In a review of the research on H-1Bs, Harvard Professor William R. Kerr wrote that “across the studies” he found that high-skilled immigration is “associated with higher levels of innovation for the United States and that the short-run consequences for natives are minimal.”

Magnus Lofstrom and Joseph Hayes took on the same myths surrounding H-1Bs in their IZA paper, concluding that they “fail to find support for the notion that H-1Bs are paid less than observationally similar US born workers; in fact, they appear to have higher earnings in some key STEM occupations, including information technology.” In other words, contrary to popular belief, American workers and H-1B holders have comparable incomes.

The all-too-common negative associations with foreign tech workers are especially unfortunate because the prospect of more foreign computer scientists should be a particularly exciting one. Even if foreign tech workers have some effect on the incomes of American-born computer scientists—and it is not clear that they do—they raise the incomes of average Americans by lowering prices and increasing output from the IT sector, according to a study in High-Skilled Migration to the United States and its Economic Consequences.
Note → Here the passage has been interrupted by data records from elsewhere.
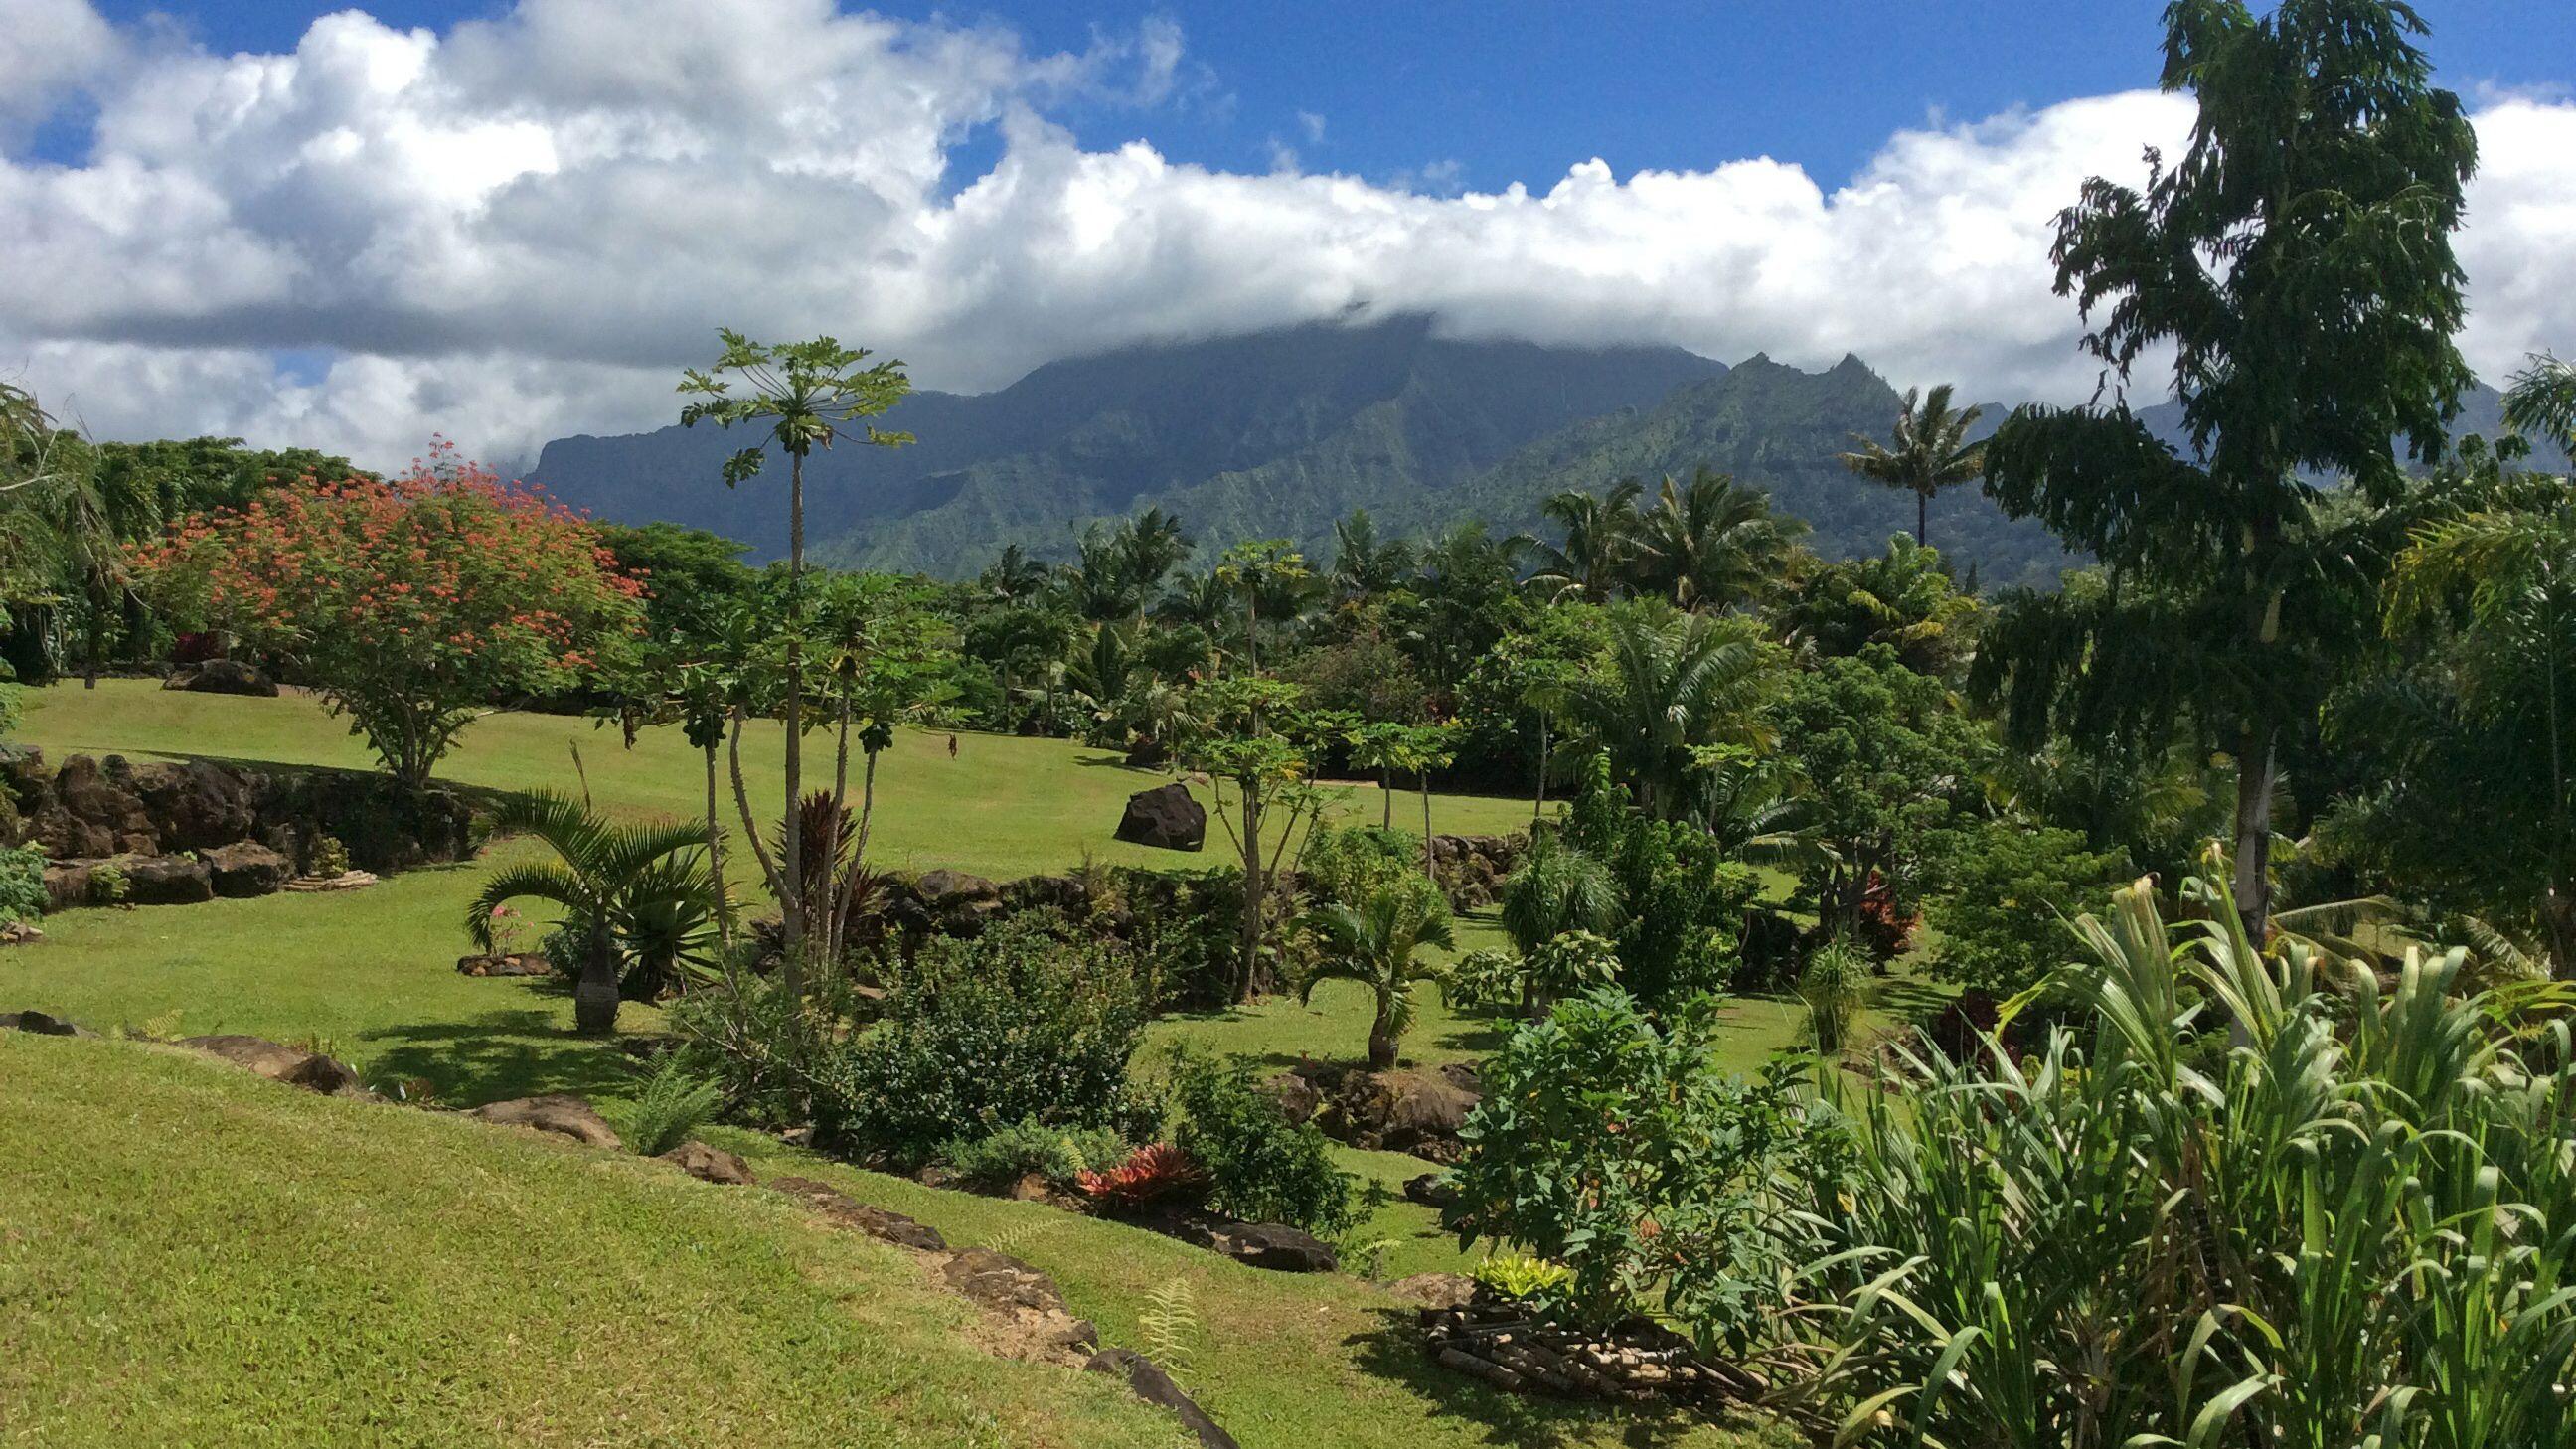 Garden view in Kauai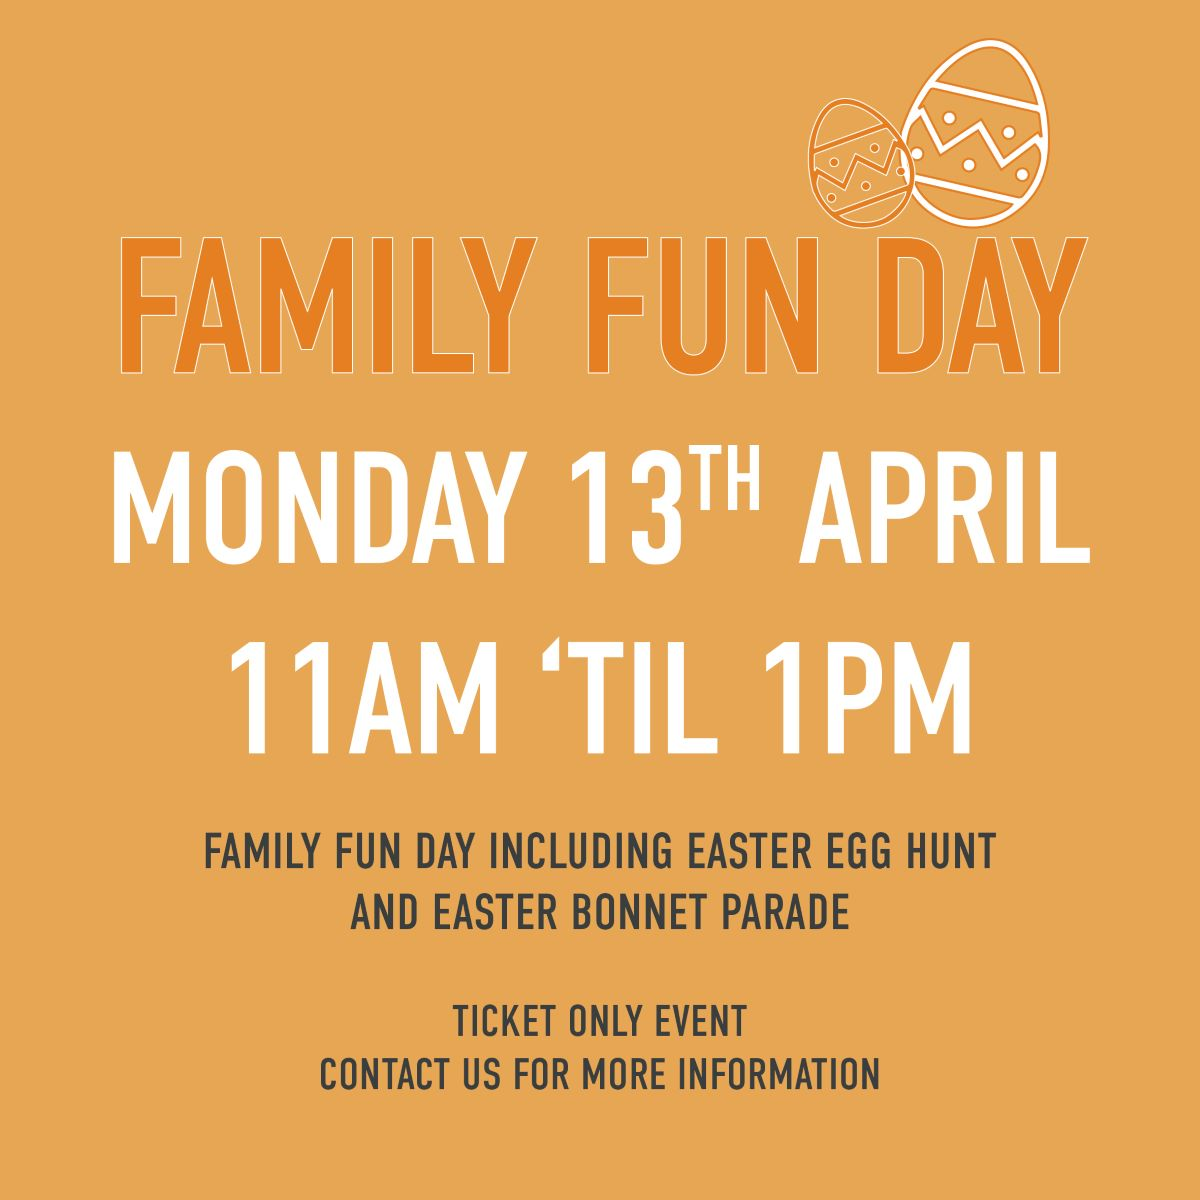 Family Fun Day Easter Millhouse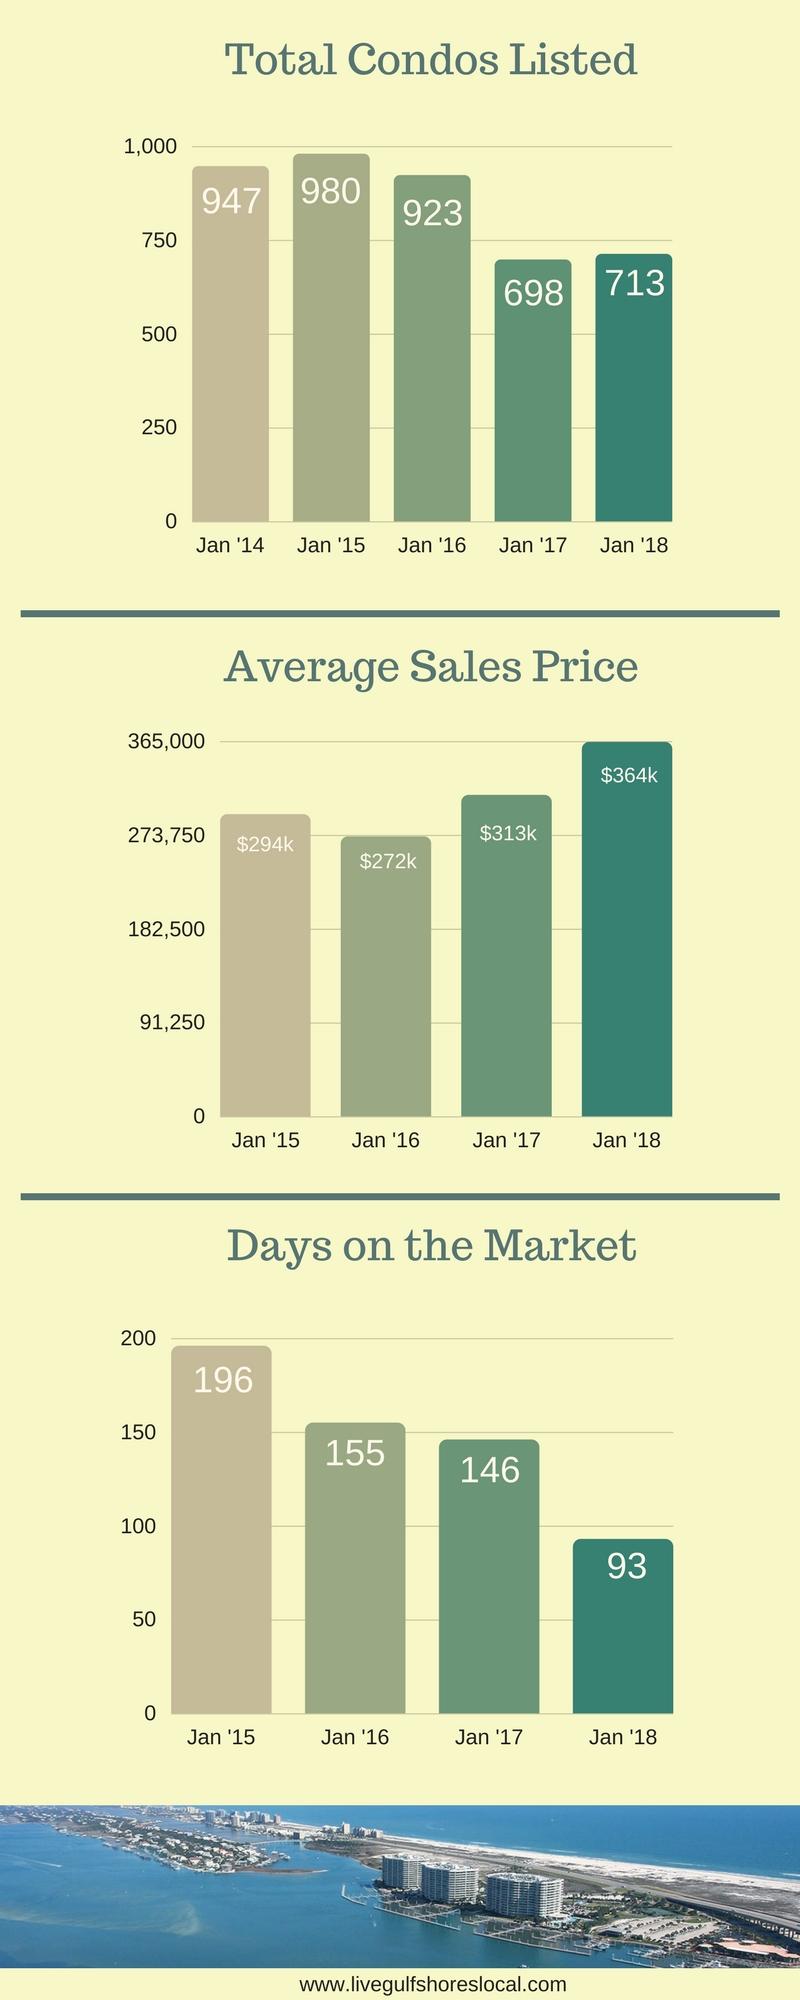 Alabama Gulf Coast Condo Sales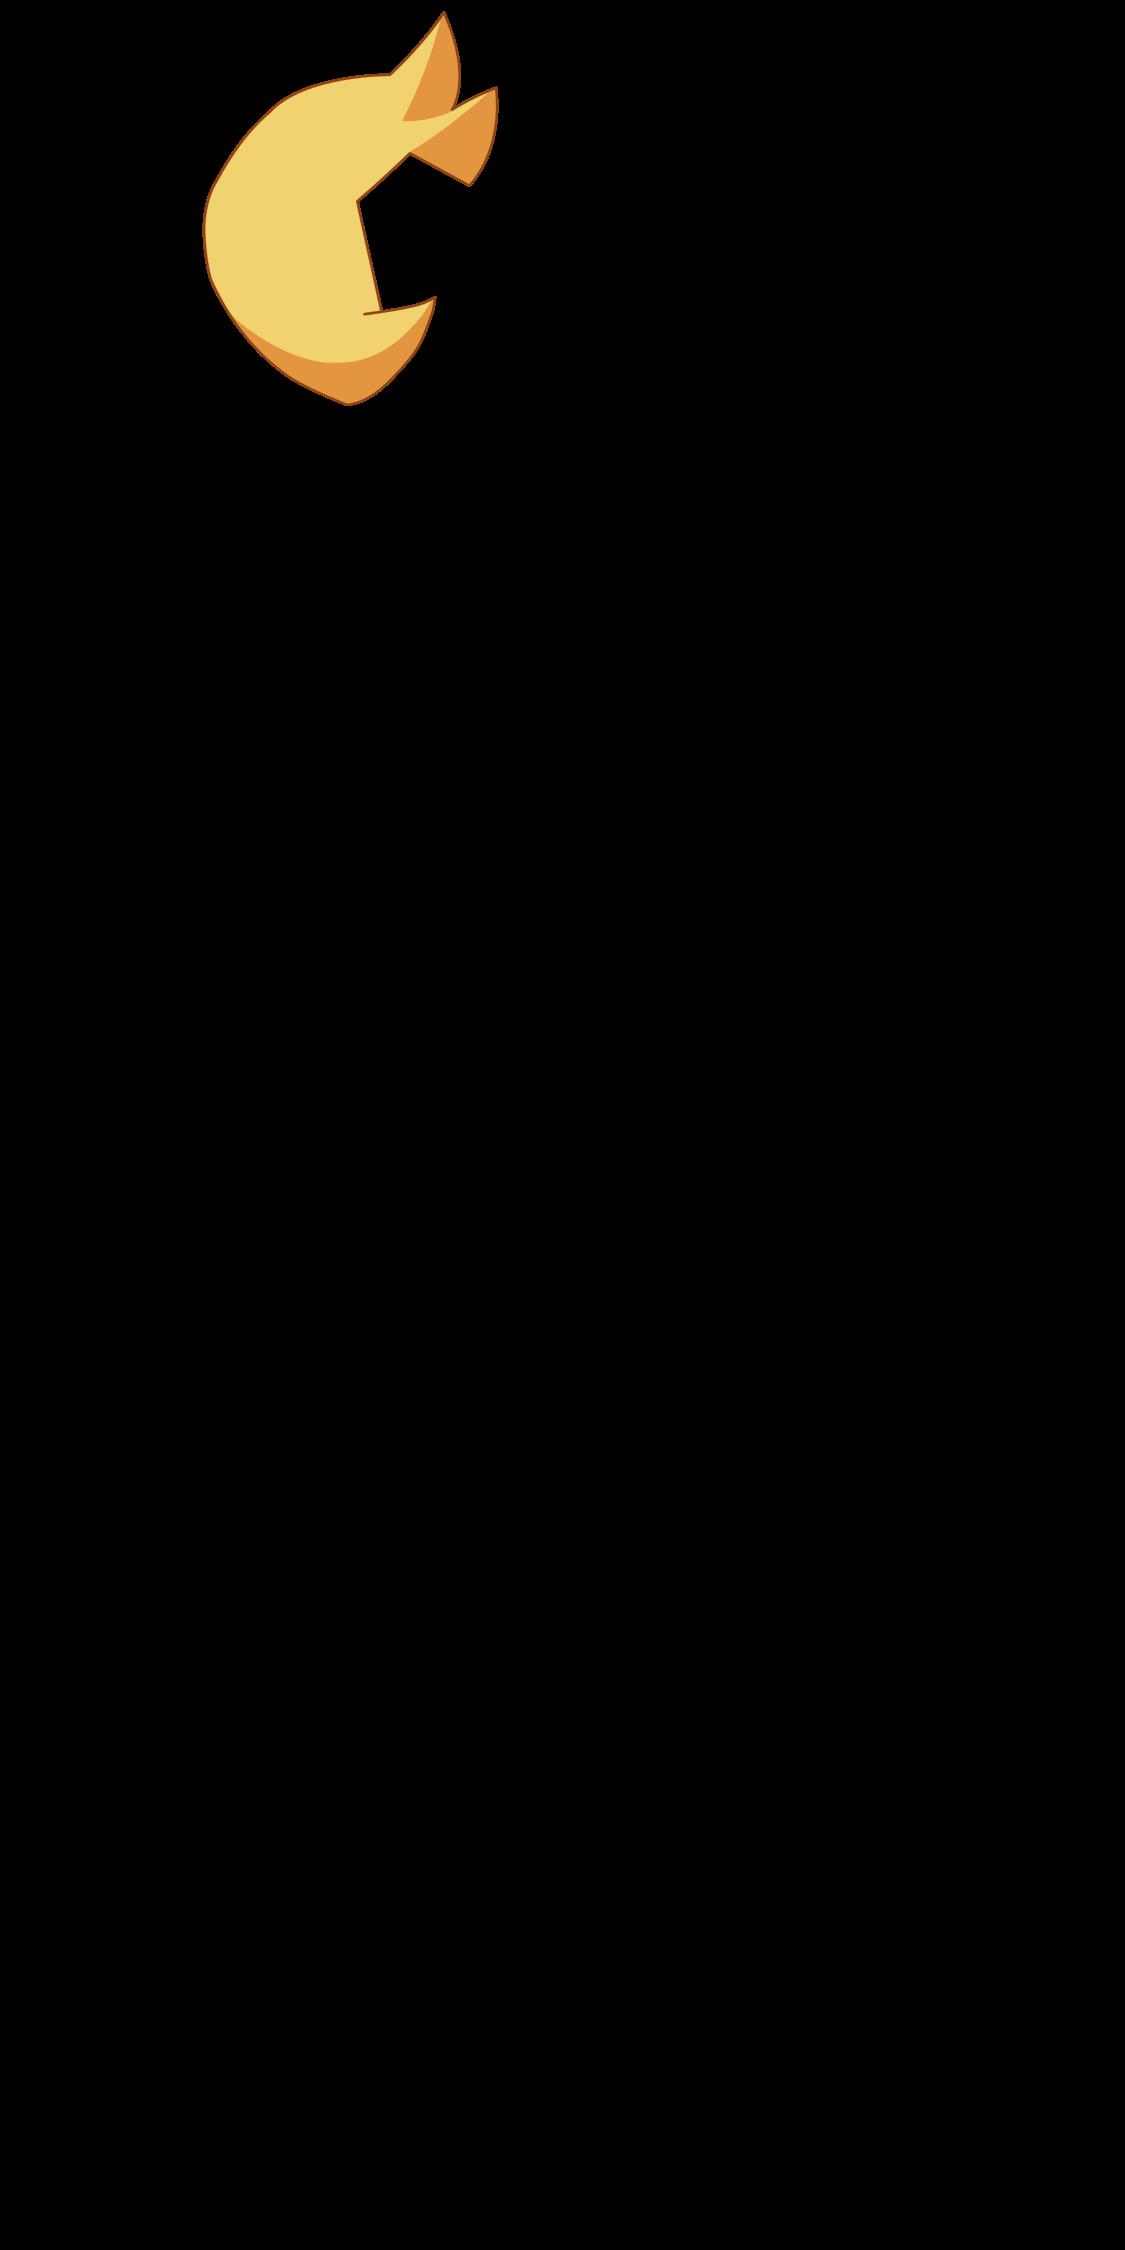 Steven Universe - Yellow Diamond.svg.png

In fact, the biggest gains, according to that study, go to the lower end of the income distribution: to Americans without college degrees.

The effects of H-1B computer workers in the long-term are cause for even greater optimism because of their role in innovation. As a 2015 IMF report on productivity trends explained, IT “has a broad-based effect on aggregate [total factor productivity (TFP)] through its role as a general-purpose technology that fosters complementary innovations.” Indeed, an NBER working paper concludes that H-1B admissions “has played a significant role in US innovation.” H-1B holders are not just performing jobs that businesses are having a hard time fillingthey are actively making the economy more productive and more dynamic.

Popular perception is already unjustifiably biased against foreign computer workers. Oversimplified or misleading reporting should not compound the error by convincing the public that the H-1B exclusively brings in those maligned workers.